ORBIT: An Object Property Reasoning Benchmark for Visual Inference Tasks

Inspired by human object categorization, this repository introduces ORBIT, a comprehensive benchmark designed to evaluate the abilities of Vision–Language Models (VLMs) to reason about abstract object properties. ORBIT spans four object property dimensions (physical, taxonomic, functional, relational), three levels of reasoning complexity (direct recognition, property inference, counterfactual reasoning), and three visual domains (photographic/real, animated, AI-generated).

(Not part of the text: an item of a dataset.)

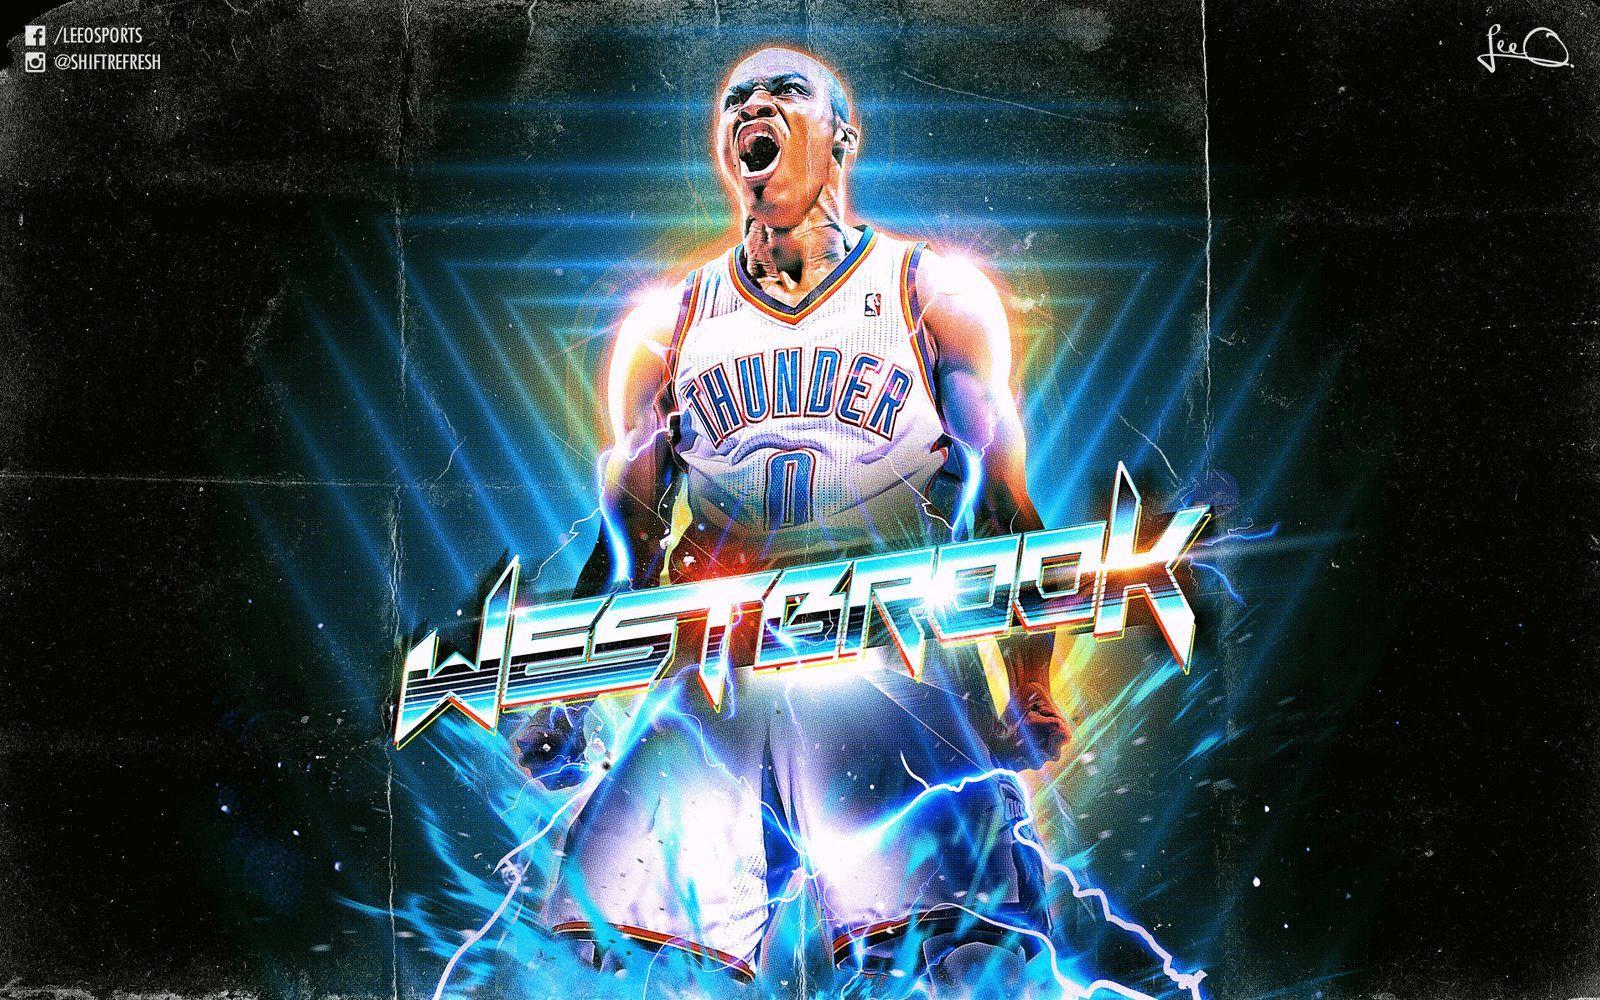 Russell Westbrook Wallpaper Image Photo Picture Background 1600

📄 Paper | 📚 arXiv | 💻 Code

Uses:

This dataset is designed to test VLMs through count-based questions, enabling evaluation of how well they reason about abstract object properties across different visual contexts.

Fields:

  • image_id: the image number (120 under each image_type).
  • image_type: the three visual domains (photographic/real, animated, AI-generated).
  • theme: label to indicate image theme.
  • reasoning_complexity: the three reasoning complexity levels (direct recognition, property inference, counterfactual).
  • question_id: the question number (three levels of reasoning_complexity).
  • question: the task for the specific level.
  • answer: the ground truth/correct answer to the question.
  • property_category: the four property dimensions (physical, taxonomic, functional, relational).
  • objects: list of detected objects part of ground truth (reasoning for answer).